For dynamic languages, source transformation can be difficult because the meaning of a program may depend on runtime values. Many systems therefore trace execution first, then transform the trace rather than the original source.

Reverse transformation also introduces memory pressure. The transformed program must retain or recover values needed by the backward pass. Without careful checkpointing, reverse mode can consume too much memory.

### Source Transformation as Compiler AD

The compiler view of AD can be summarized as follows:

```text
original program
    -> parsing or tracing
    -> intermediate representation
    -> activity analysis
    -> derivative transformation
    -> optimization
    -> code generation
```

The central design choice is the level at which differentiation occurs.

Differentiating high-level source code preserves semantic structure such as loops, arrays, and function calls.

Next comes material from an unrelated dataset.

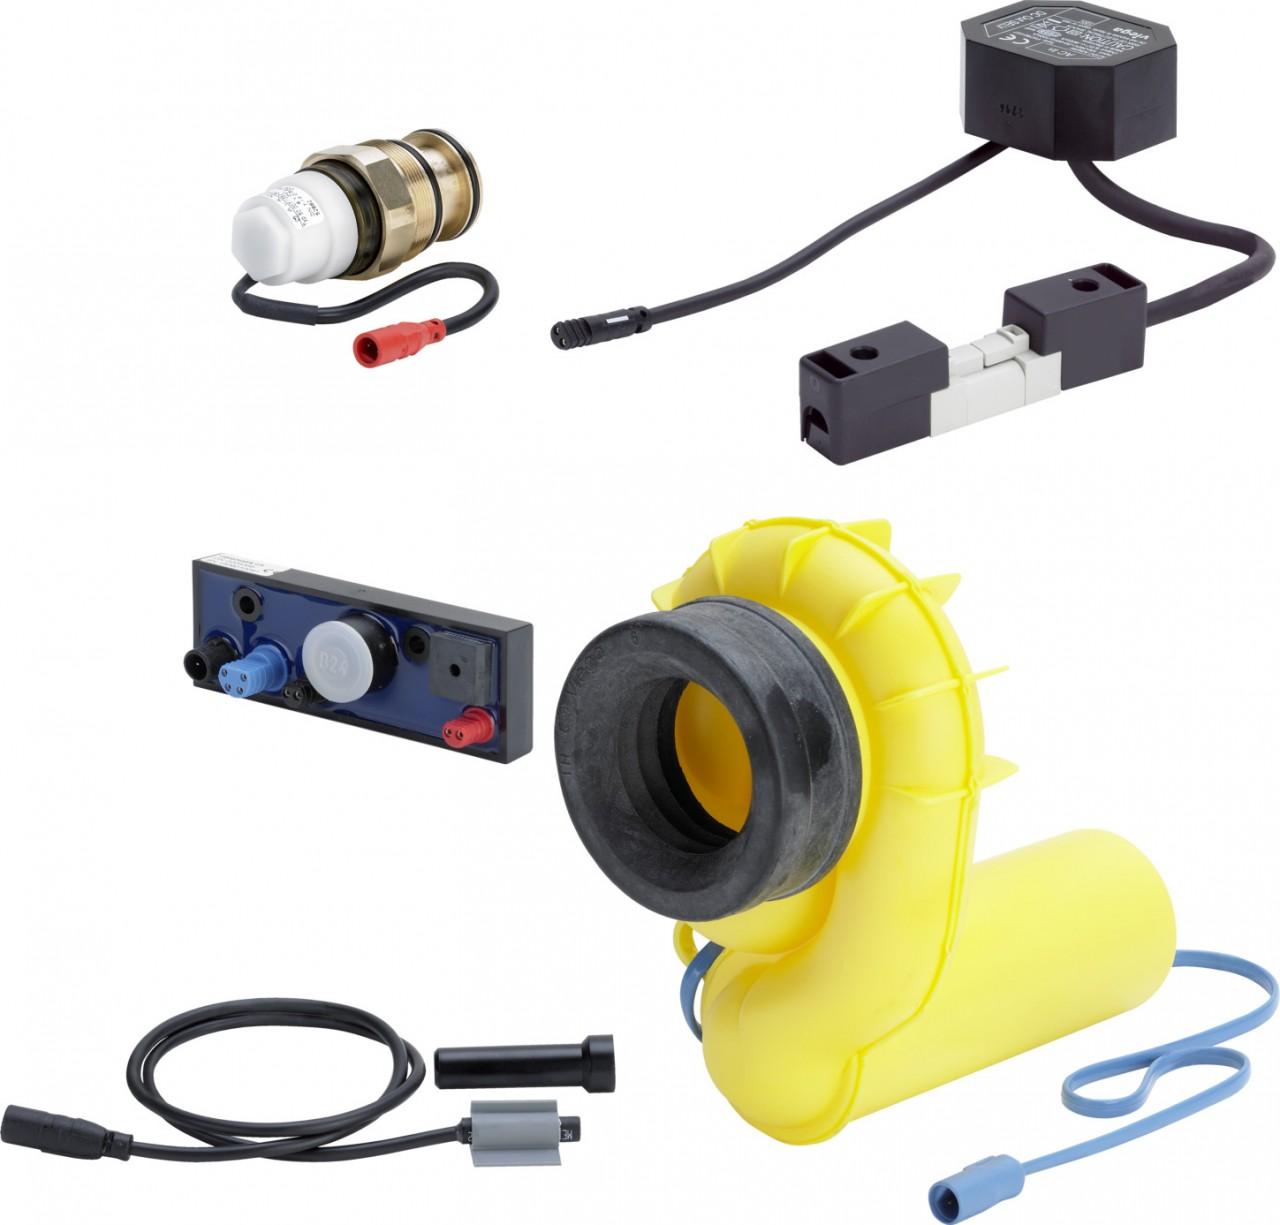 Ausstattungsset 8352.2, Siphon-Sensortechnik 727925

Differentiating low-level IR gives better control over memory and backend optimization. Differentiating graph IR gives a clean tensor-oriented model but may lose general programming features.

A mature AD compiler often uses several levels. It may transform high-level functions, lower them into SSA, optimize derivative code, and finally emit machine code or accelerator kernels.

Source transformation treats differentiation as a static program transformation problem. This view connects AD to compiler theory, type systems, intermediate representations, and program optimization. It is the foundation for many high-performance AD systems.